The Secrets of Lizzie Borden
Page 14
As I fastened all three locks on the front door behind me I heard voices coming from the sitting room, but I didn’t go in. Father’s voice, and Abby’s, I recognized, and it took me only a moment to identify the third: Uncle John Vinnicum Morse, our late mother’s brother, or “that ol’ fanny pincher,” as Bridget called him in unconcealed disgust.
Damn, damn, damn! I wanted to stamp my feet, pull my hair, and scream.
Though to all the women in the house he was a thankfully infrequent guest, in Father’s eyes Uncle John was always a welcome one. He was one of the few people Father trusted, especially when it came to financial matters, and when Uncle John darkened our doorstep it was certain money was the magnet that drew him. Until recently he had been living in Hastings, Iowa, as a farmer and horse trader, but he had since moved nearer, to New Bedford, where he shared a house with a blind butcher. Though Uncle John professed to have our—Emma’s and my—best interests at heart, always referring to us as “dear Sarah’s girls,” neither of us really liked him and we often went out of our way to avoid him, as I understand many other women did also. To put it delicately, Uncle John was a real bottom pincher, and all of us, even the unsightly mountain of flesh that was Abby, had the bruises to show for it every time he came to visit us.

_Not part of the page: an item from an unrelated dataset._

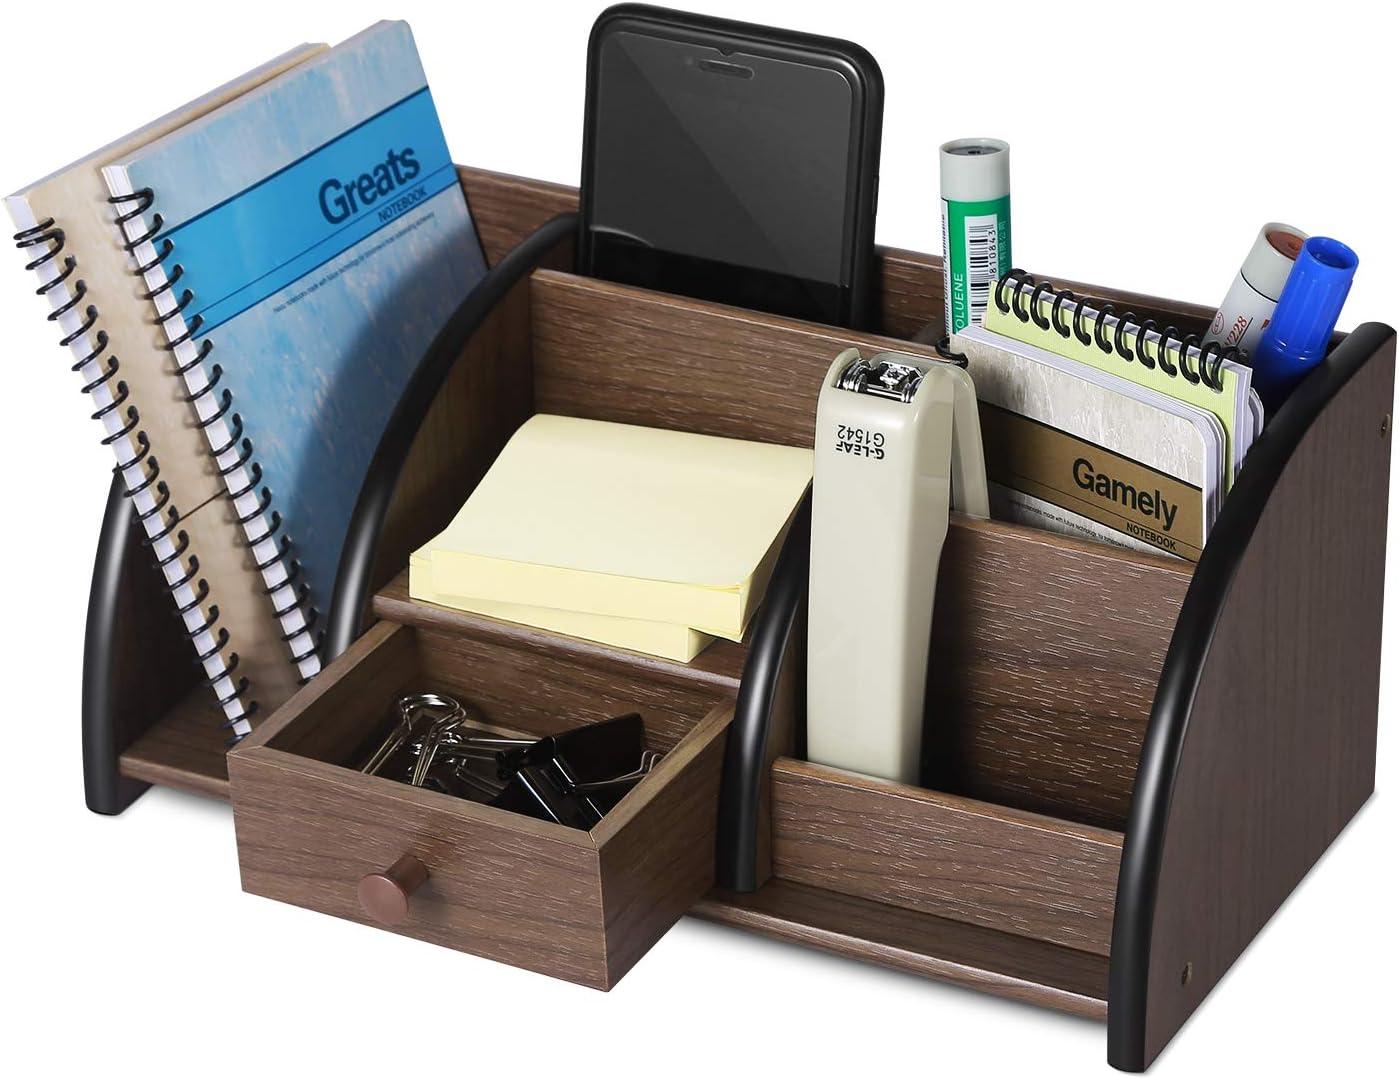 Classic Wood Office Supplies Accessories Desktop Tabletop Sorter Shelf Rack Cherry Brown Pencil Holder Caddy Set 6 Compartments Flexzion Wooden Desk Organizer w//Drawer /& Book End

He also liked to chew raw garlic, being thoroughly convinced that it was of great benefit to his health—“a cure-all in one clove,” he called it and “a damn sight cheaper than seein’ the doctor”—and to walk around in his red flannel union suit as a sacrifice upon the altar of the God of Thrift, to save his good and only suit, the same shiny, rusty black one he had been wearing since our mother’s funeral, despite the fact that he was rich enough to buy out Savile Row and still be rich as Midas. His only extravagance was consulting fortune-tellers. He had sworn by them ever since as a barefoot boy he had been warned by an old gypsy woman whom he had allowed to read his palm upon a dare that he would step upon a piece of broken glass and cut his foot open one summer’s day, bad enough to bleed almost a bucket full and leave a lifelong scar, and lo and behold, he did, and ever since that prophecy was fulfilled he never made a decision without consulting some gypsy seer hovering over her crystal ball, tarot cards, tea leaves, or the palm he held out crossed with silver. Otherwise, he made Father’s parsimony seem like largesse on the grandest scale.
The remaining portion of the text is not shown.